DATA BLOCK:
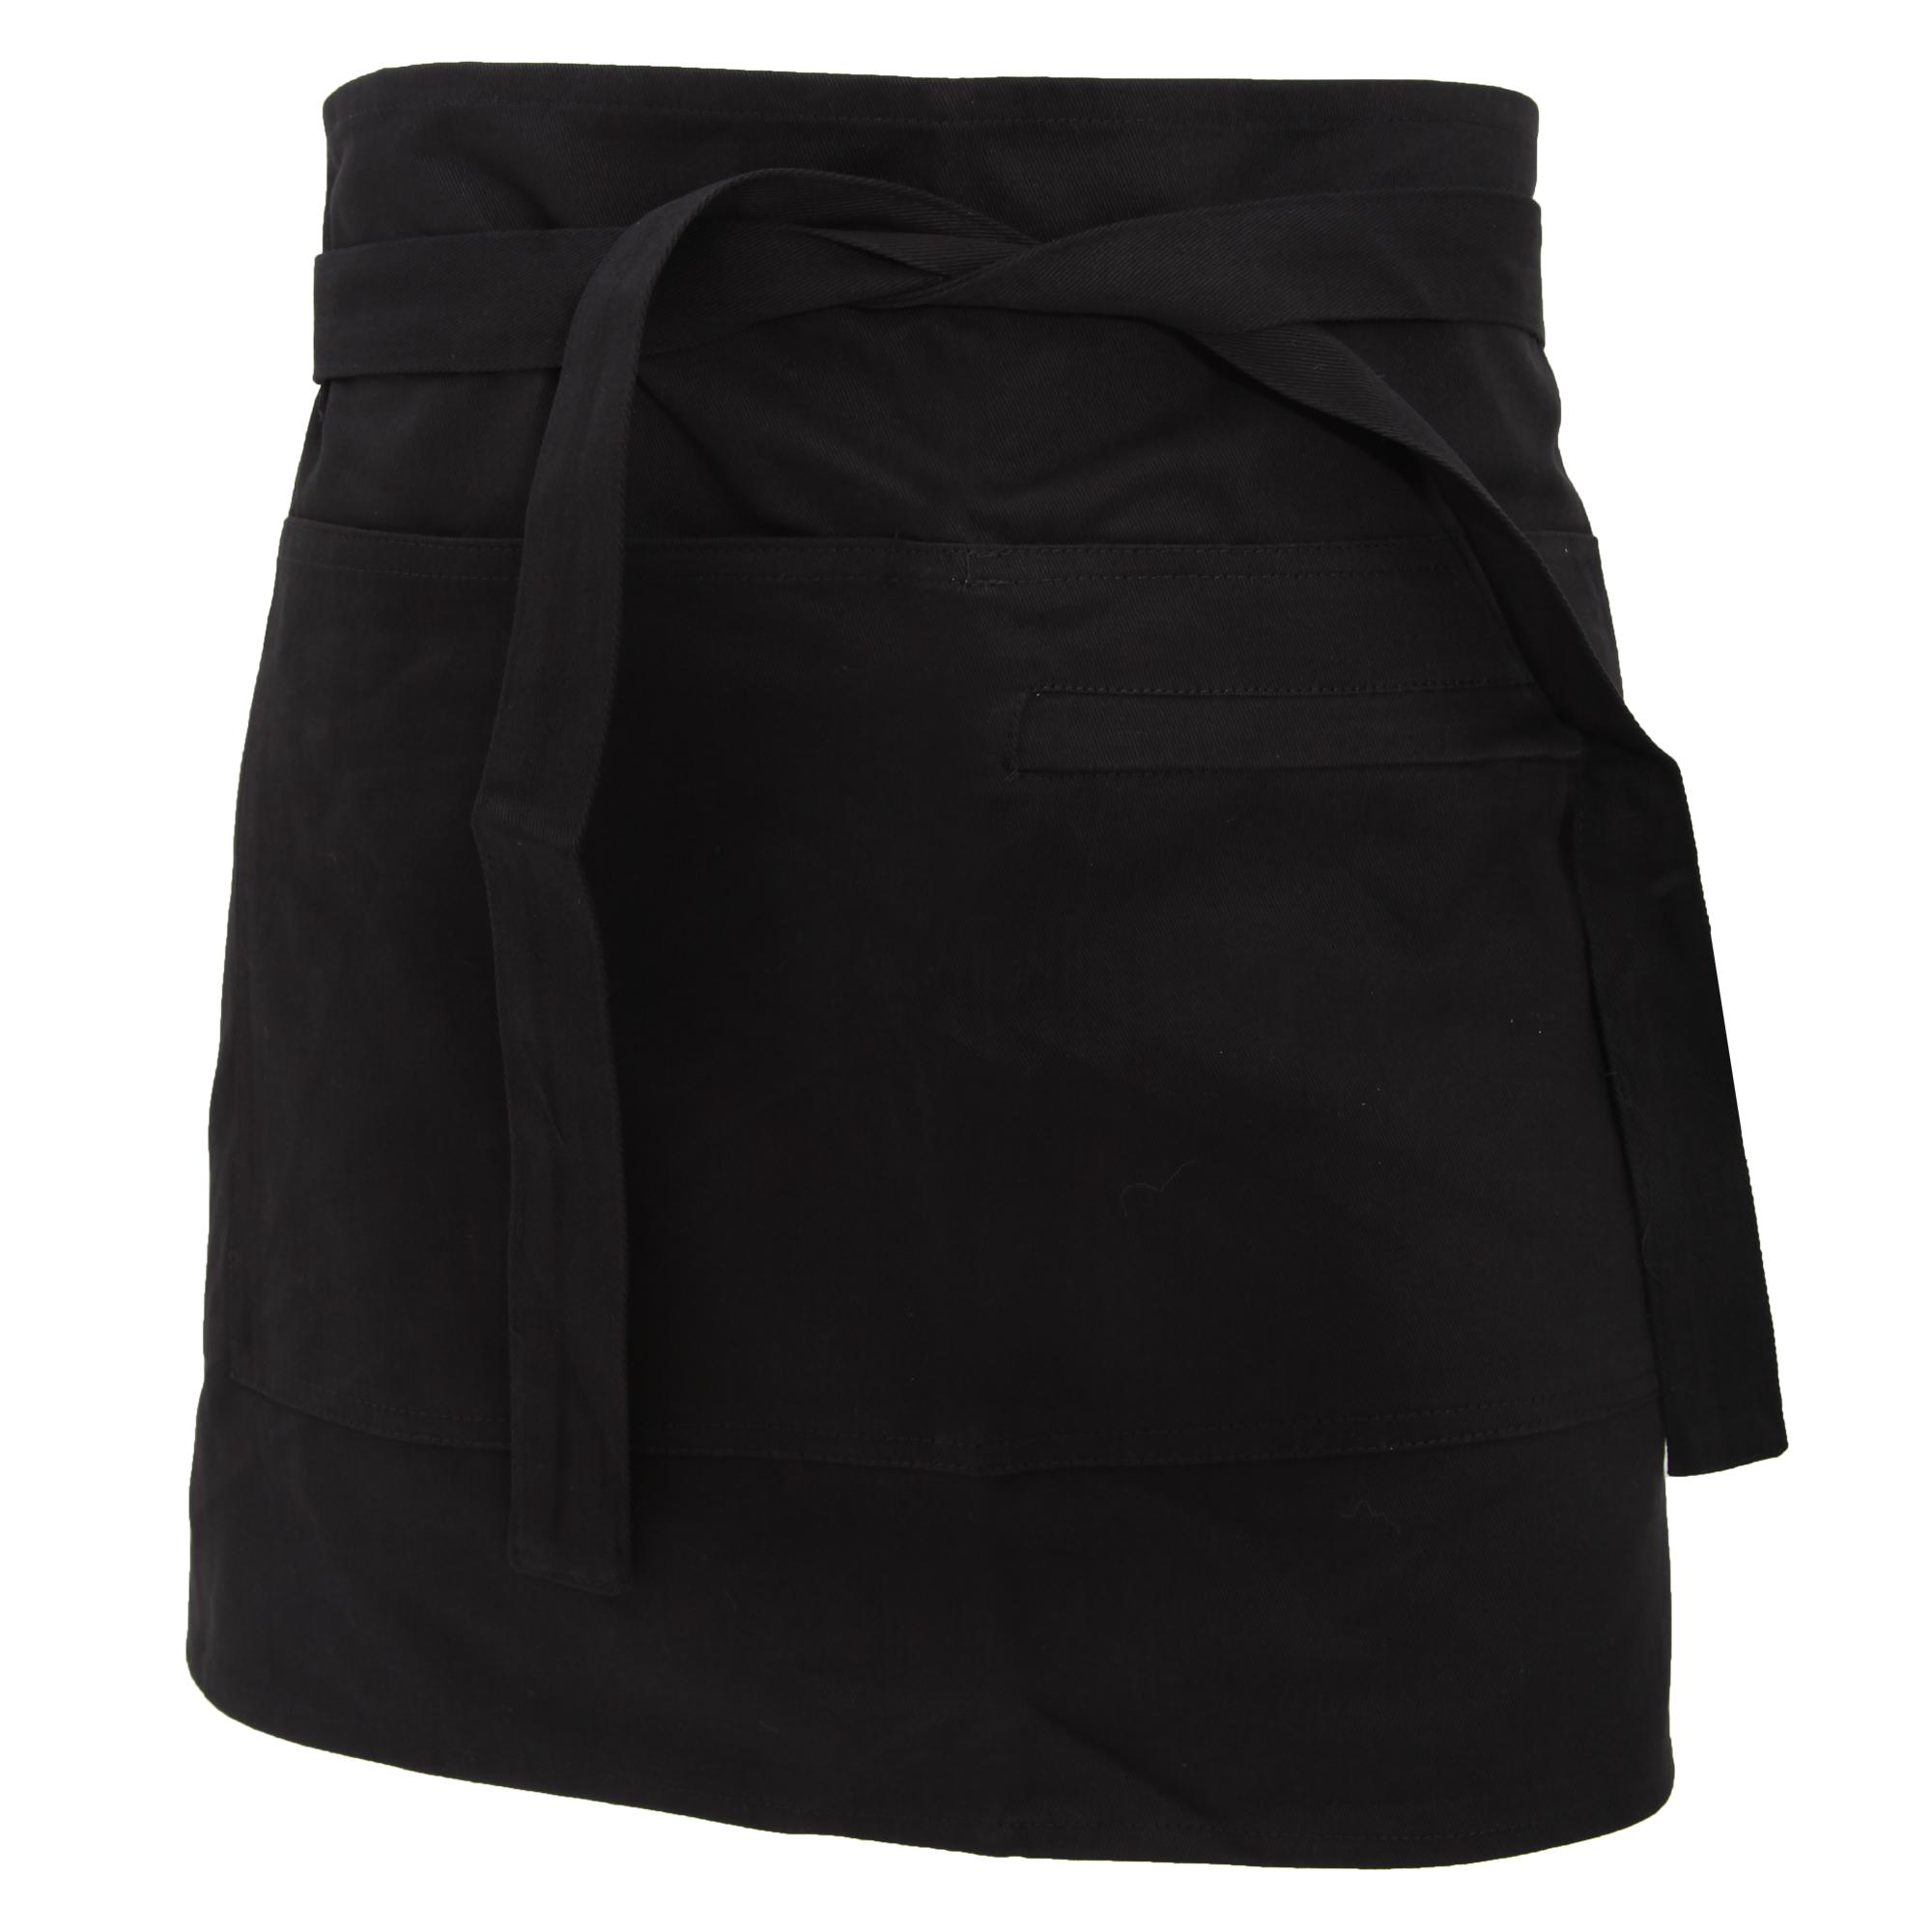 White tabard apron - Bargear Unisex Short Bar Apron Aprons And Tabards
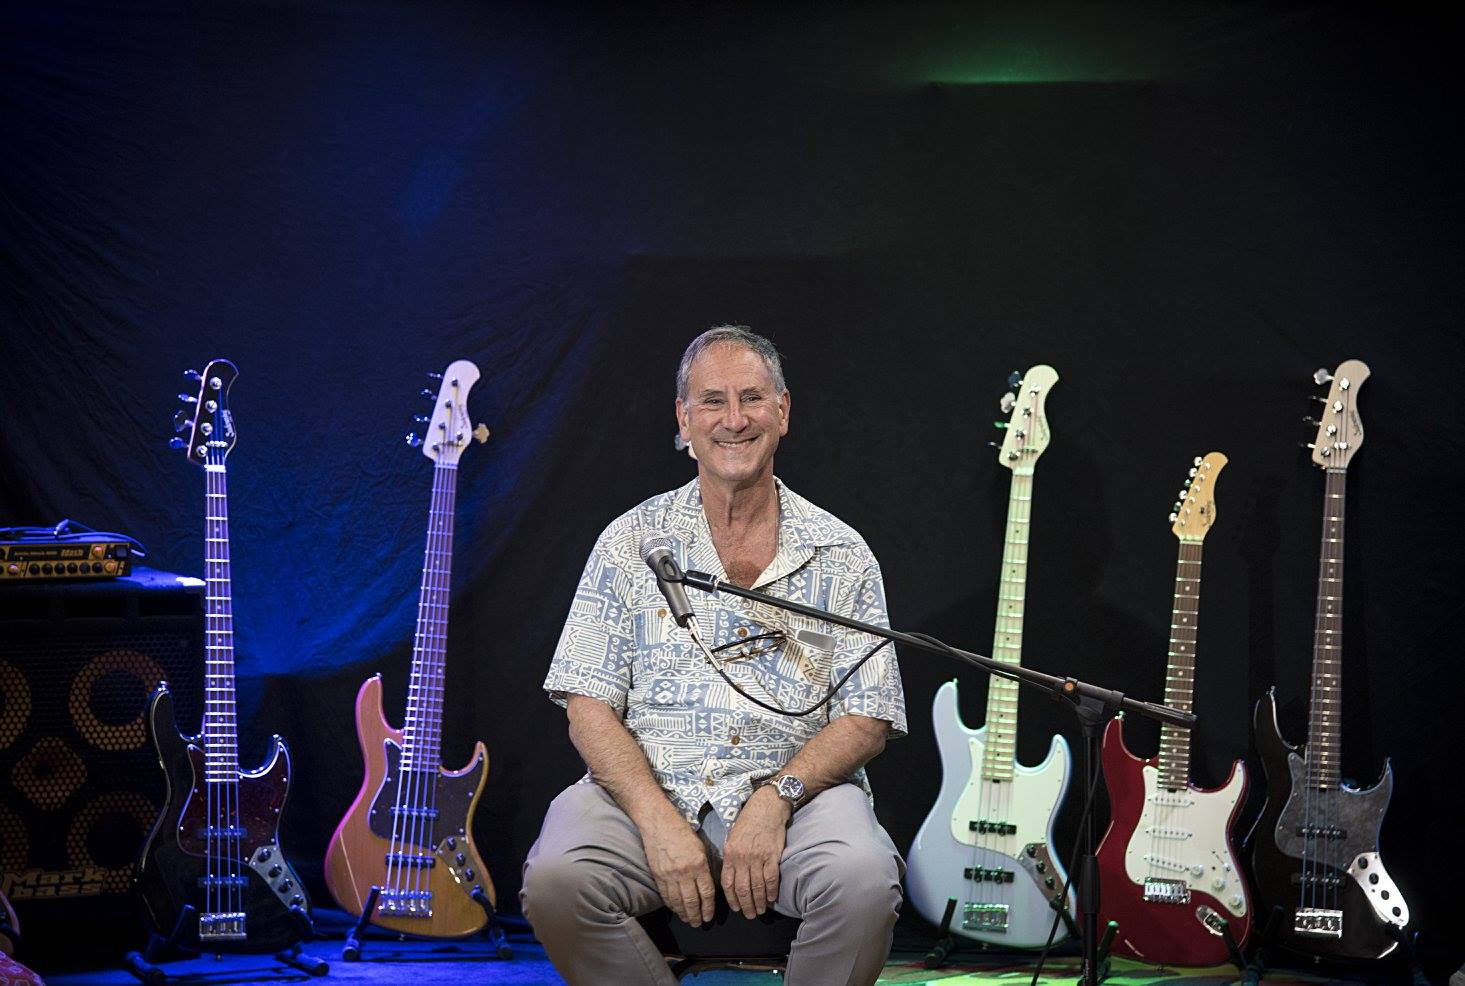 Roger Sadowsky Clinic il 24 Giugno a Your Music
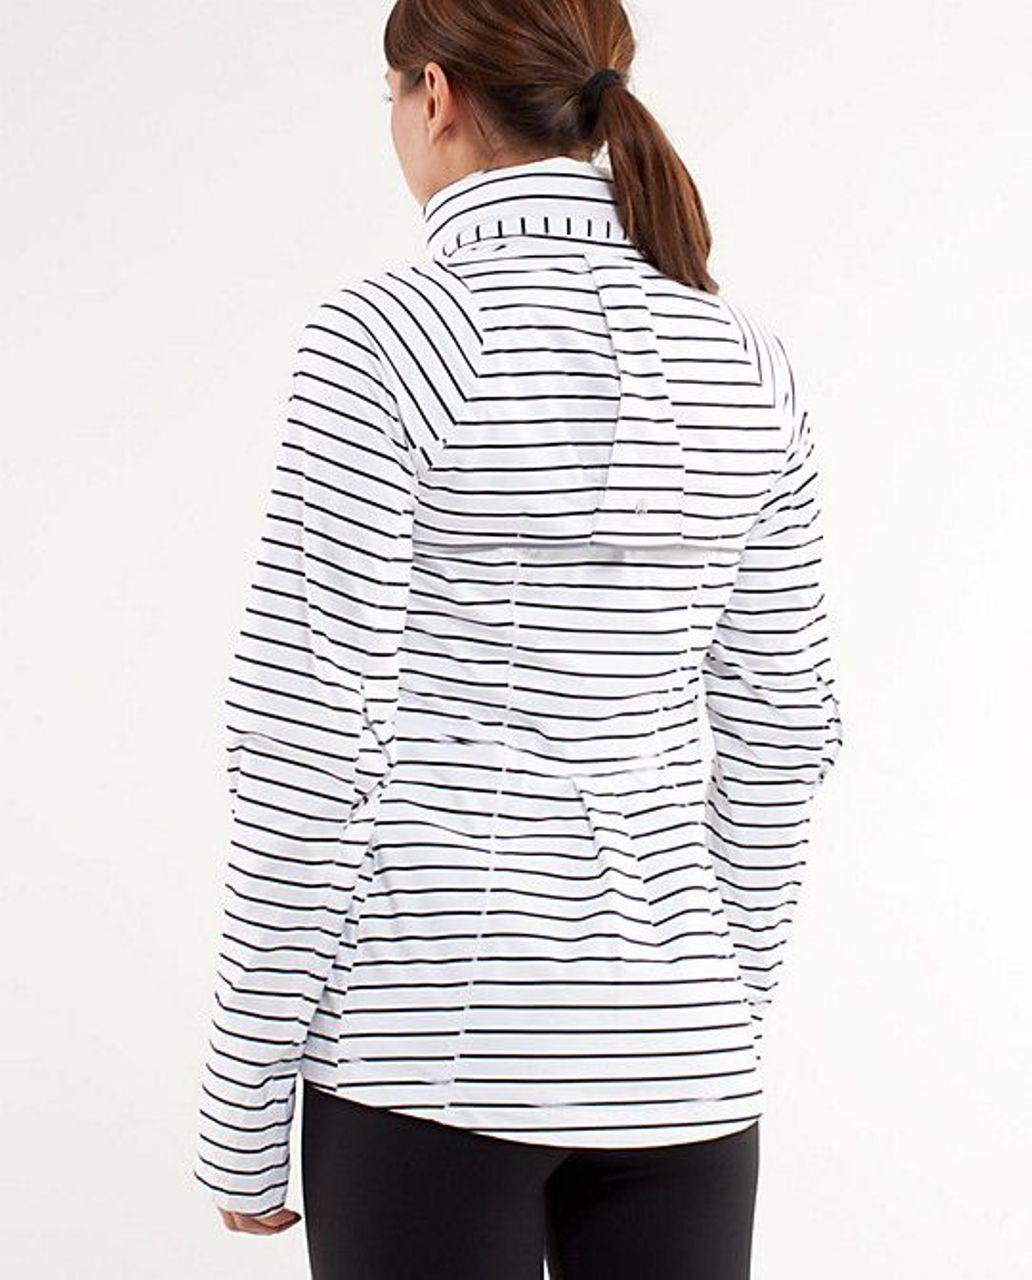 Lululemon Run:  In The Rain Jacket - Quiet Stripe White Deep Indigo
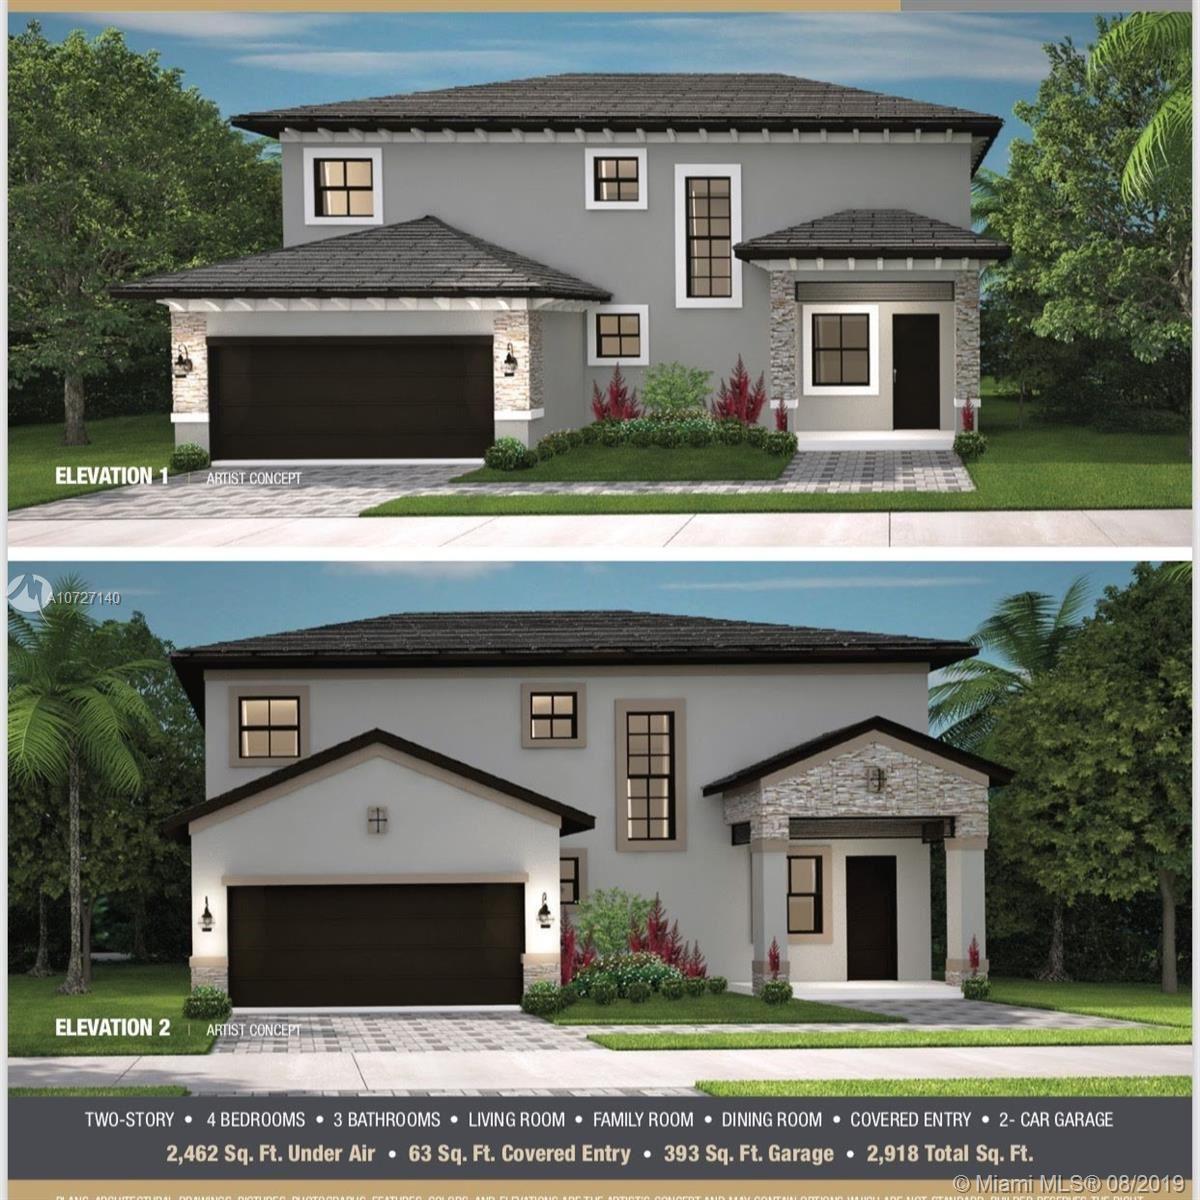 16917 SW 109th Pl, Miami, FL 33157 - MLS#: A10727140

EXERCISE: Find the line that contains "Roger Sadowsky Clinic" and repeat it, along with every line after it to the end of the data, exactly; drop the pictures.

RESPONSE TO THE TASK:
 Roger Sadowsky Clinic il 24 Giugno a Your Music
 Lululemon Run:  In The Rain Jacket - Quiet Stripe White Deep Indigo
 16917 SW 109th Pl, Miami, FL 33157 - MLS#: A10727140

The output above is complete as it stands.